Abstract

Grenville-age granulite facies rocks in southern, central, and northeastern Mexico have distinctive geologic features that suggest a common tectonic evolution. The similarities include northwest-trending structural grain from Oaxaca to Tamaulipas, massif-type anorthosite-charnockite complexes, protoliths rich in sedimentary rocks of shallow-marine platform or continental rift-related facies devoid of calc-alkaline volcanic rocks, common metamorphism under granulite facies conditions, U-Pb zircon ages of about 1.0 Ga., and an apparently common history of uplift and cooling. Altogether, this evidence strongly suggests a coherent geologic history for this block. Paleontologic data from the overlying sedimentary sequences indicate that Oaxaquia was not part of Laurentia during most of the Paleozoic.
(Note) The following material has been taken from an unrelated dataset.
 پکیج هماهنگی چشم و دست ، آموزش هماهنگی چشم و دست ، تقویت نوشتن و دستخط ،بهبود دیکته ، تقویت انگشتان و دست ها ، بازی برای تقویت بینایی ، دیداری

This precludes emplacement of Oaxaquia in its present position by simple lateral displacement from the southern United States as well as a Taconic time of emplacement. Oaxaquia was probably emplaced to its present position during late Paleozoic time. The concept of a Mesoproterozoic “Oaxaquia” microcontinent extending for about 1000 km in Mexico needs to be considered in the reconstruction of the Grenville orogen as a whole and for the Paleozoic tectonic interactions between eastern Laurentia and western Gondwana.